The 2 cores of the Herbarium collection, are bequeathed to the University from Henry Fielding (1805-1851) containing a non-British and Irish collection. It also covers most taxonomic groups and geographical areas. It is particularly rich in nineteenth century material from the Americas and south and south east Asia. The other core a British and Irish collection from George Claridge Druce (1850-1932) in 1932, this is particularly rich in specimens from Oxfordshire, Buckinghamshire and Berkshire. Other collections were added later.

==History==
It was established in 1621, they include the oldest herbarium in the United Kingdom and the fourth oldest herbarium in the world. Collectively, they hold approximately 1,000,000 botanical specimens (including at least 35,000 types) from across all taxonomic groups and geographic regions. Four of the more significant pre-19th century herbaria are those of Robert Morison, William Sherard, Johannus Dillenius and John Sibthorp. The earliest collected plant specimens dates back to around 1606.

==The collection==
It includes collections from;

- Robert Morison (1620-83); who became the first professor of botany in 1669, a post that he held until 1683. He had written several books on Botany.

- William Sherard (1659-1728),(Sherardian Library of Plant Taxonomy) and The Sherard herbarium; he was endowed the Oxford University Chair of Botany. On his death in 1728, he left the university £3000 for the endowment of the chair, as well as his library and the herbarium. all on the condition that Dillenius should be appointed the first professor. He also left his herbarium of 12,000 sheets and his library and paintings.
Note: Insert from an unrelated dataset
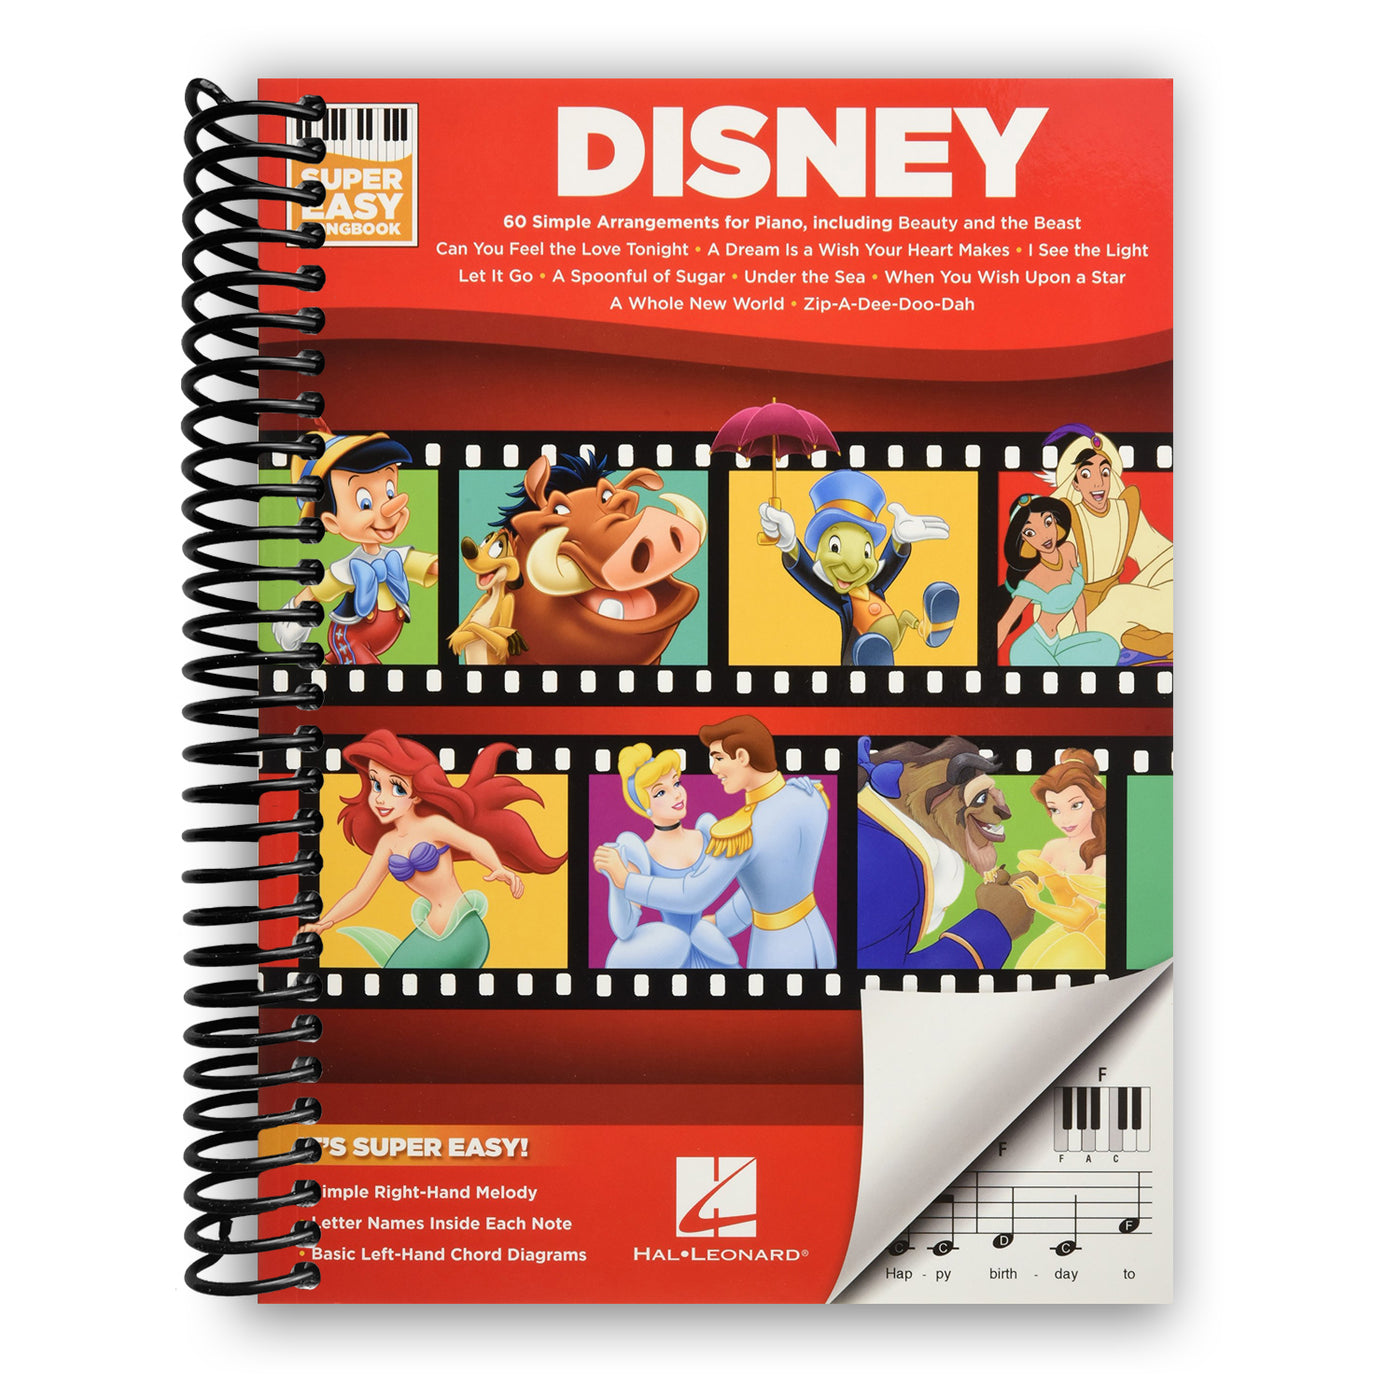 Disney - Super Easy Songbook (Spiral Bound)

- Johann Jacob Dillenius (1684-1747), Dillenius's Historia Muscorum; German born but then moved to the UK. In 1734 Dillenius was appointed Sherardian professor of botany at Oxford. His manuscripts, books and collections of dried plants, with many drawings, were bought by his successor at Oxford, Dr. Humphry Sibthorp (1713–1797), and ultimately passed into the possession of Oxford University. In 1907, G. Claridge Druce described The Dillenian Herbaria.
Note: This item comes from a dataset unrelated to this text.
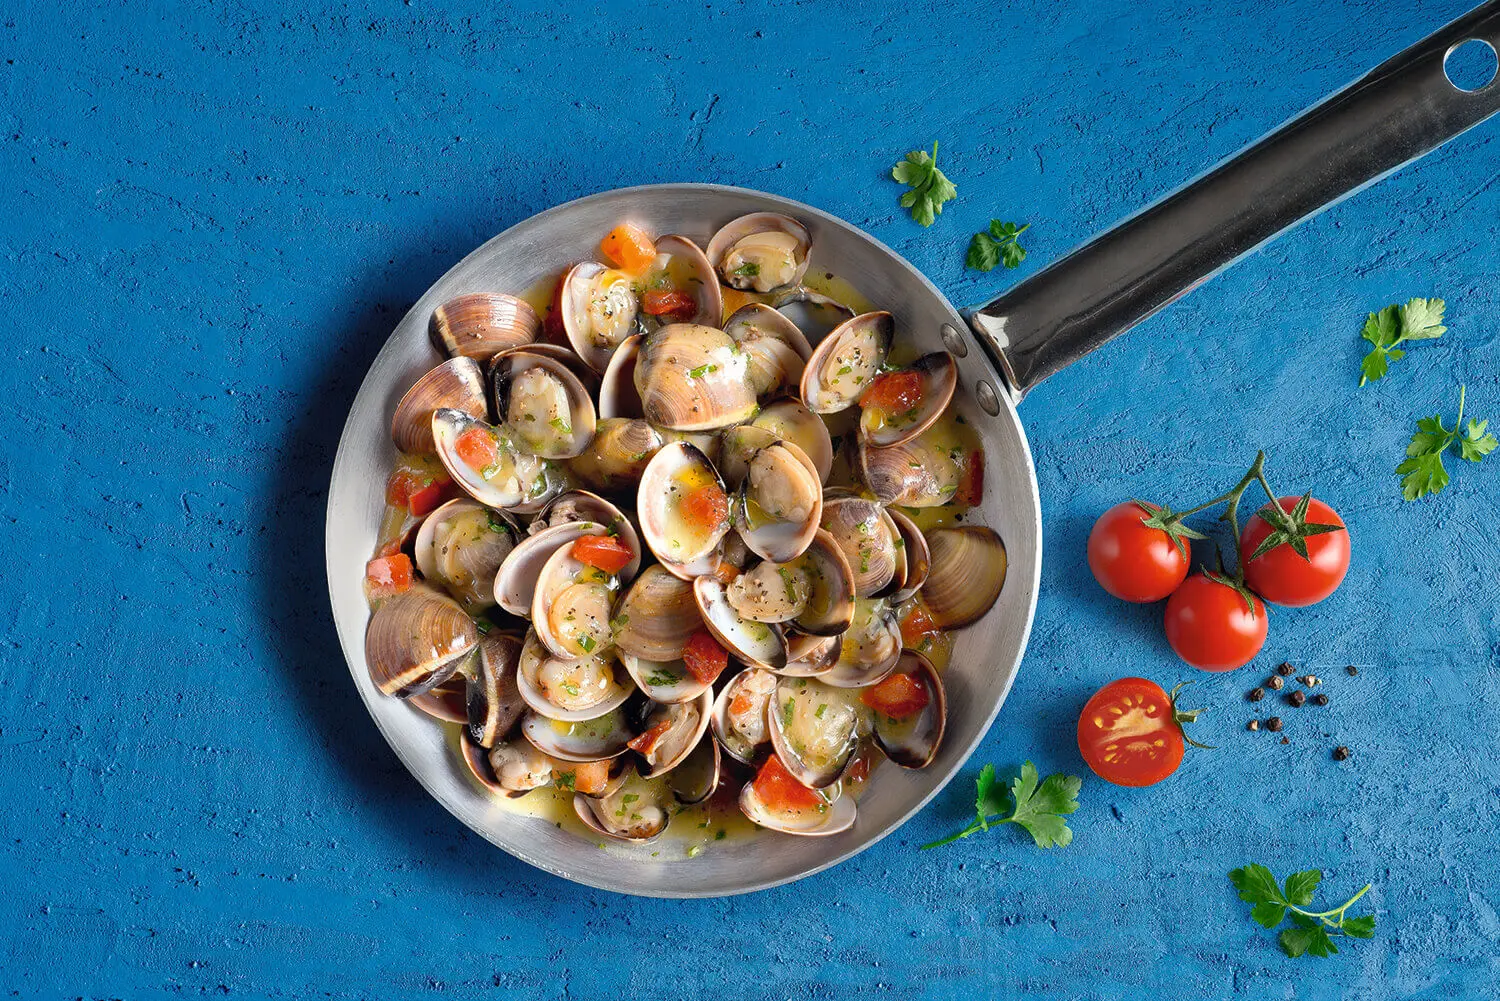 Stir-fried clams

- John Sibthorp (1758-1796), The Sipthorpian herbarium, His herbarium (of three collections; contains 2,462 Flora Graeca specimens, 70 Flora Oxoniensis specimens and 444 miscellaneous specimens) are stored within the Fielding-Druce Herbarium.

- William Dampier (c. 1697–1698); The first scientific collection of flora from Western Australia was by William Dampier near Shark Bay and in the Dampier Archipelago in 1699. Then when his ship the Roebuck was wrecked on Ascension Island, he saved his plant collection to give to the herbarium. It contains 24 sheets of Australian plant specimens. In September 1999, they were then loaned to Western Australia for the 300 year celebration.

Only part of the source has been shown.